Nel corso di un’affollata manifestazione a Torino, diversi giovani hanno rievocato un gesto emblematico degli anni ’70, sollevando tre dita al cielo in segno di protesta contro le politiche del governo attuale e in solidarietà con la Palestina. Questo gesto, che ricorda il ‘saluto’ dei militanti dell’Autonomia Operaia, ha suscitato riflessioni sul contesto storico e le dinamiche di protesta contemporanee. La manifestazione, che ha visto un’importante partecipazione di studenti e attivisti, non è stata priva di tensioni, culminando in episodi di violenza e confronti con le forze dell’ordine.
La manifestazione e il richiamo alla storia
L’evento è stato indetto da un’aggregazione di studenti e attivisti di diversi gruppi politici, con una mobilitazione che ha richiamato circa quattrocento partecipanti. Tra gli striscioni e le bandiere palestinesi, si sono anche visti chiari richiami a situazioni politiche attuali, un modo per rendere visibile l’indignazione verso il governo di centrodestra. I manifestanti, pur non indossando passamontagna come accadeva negli anni ’70, hanno utilizzato simboli forti, tra cui il gesto delle tre dita, che ha rievocato un periodo di intensa contestazione sociale.
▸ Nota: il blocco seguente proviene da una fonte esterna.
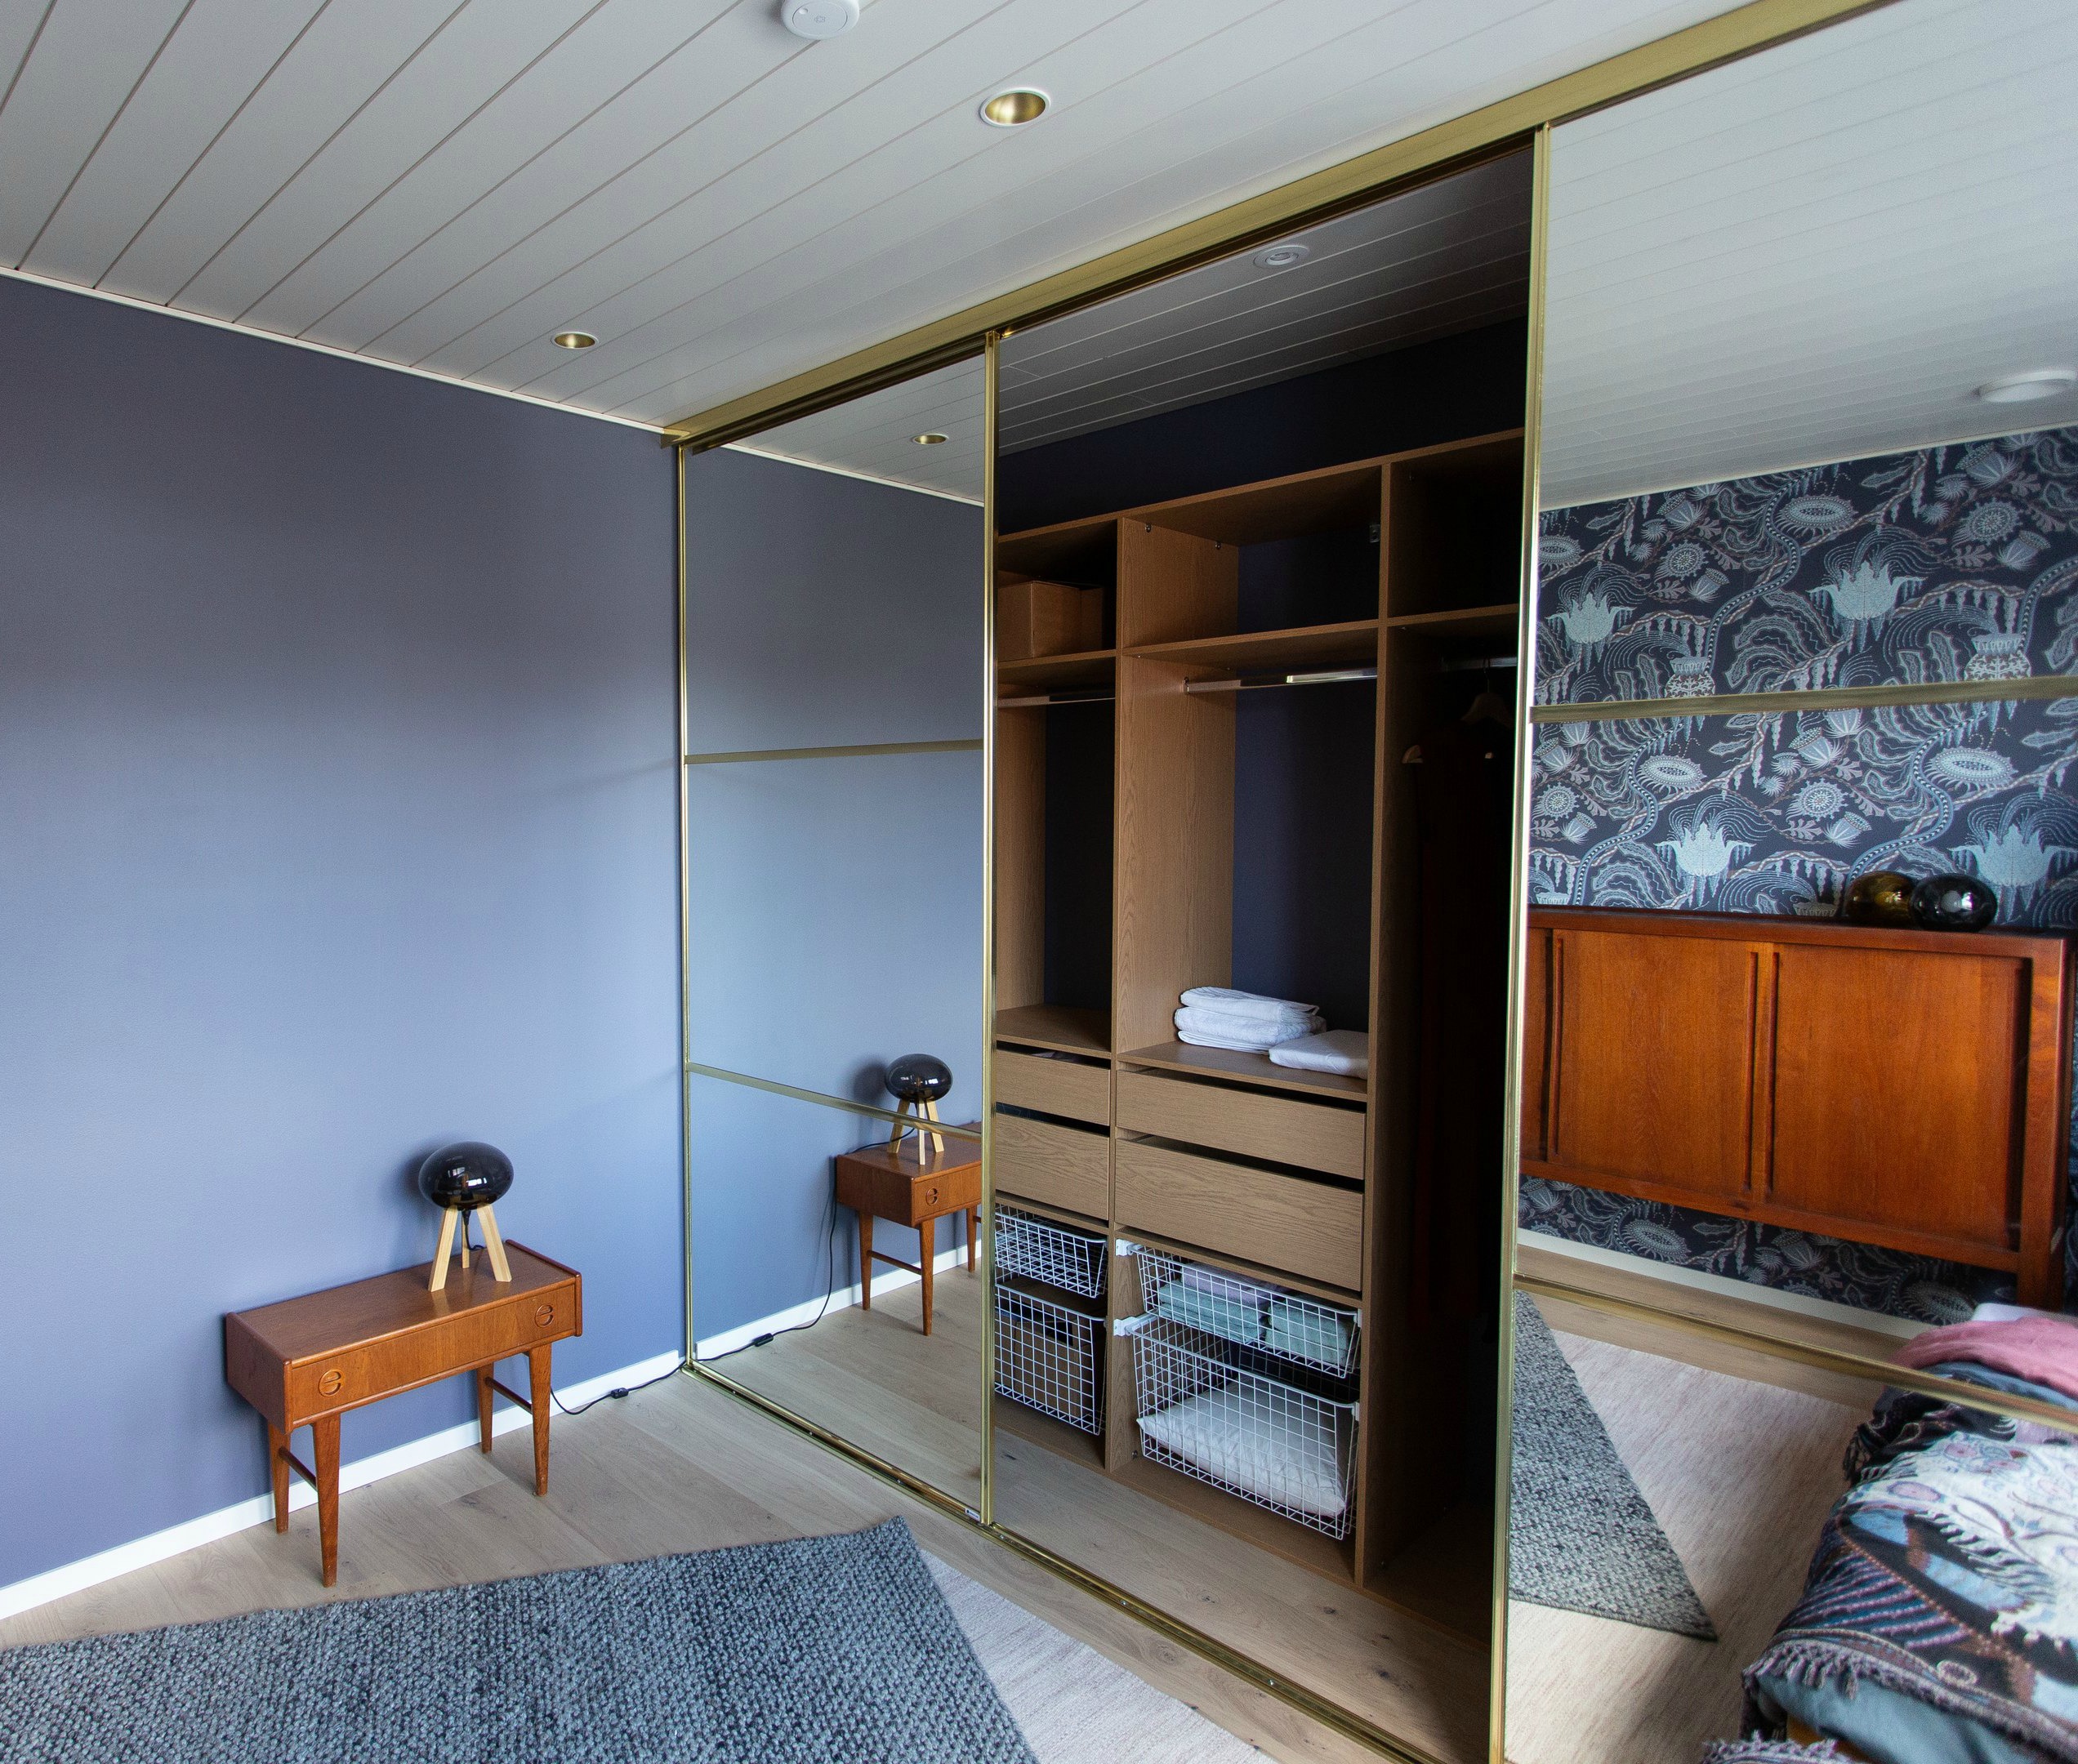 Mirror Line liukuovi peiliovi vaatekaappi makuuhuoneen sisustusideat Asuntomessut 2020 Kohde 2 Pikkupolku Retro

Tuttavia, nel corso del corteo, ci sono stati episodi di scritte sui muri e imbrattamenti sui mezzi pubblici. Soprattutto, il monumento dedicato a Vittorio Emanuele II è stato oggetto di vandalismo, sul quale qualcuno ha scritto “Free Palestine” con spray nero. Questo tipo di espressione artistica, sebbene contestabile, ha trovato spazio nei cortei degli anni ’70, dove simili atti non erano rari.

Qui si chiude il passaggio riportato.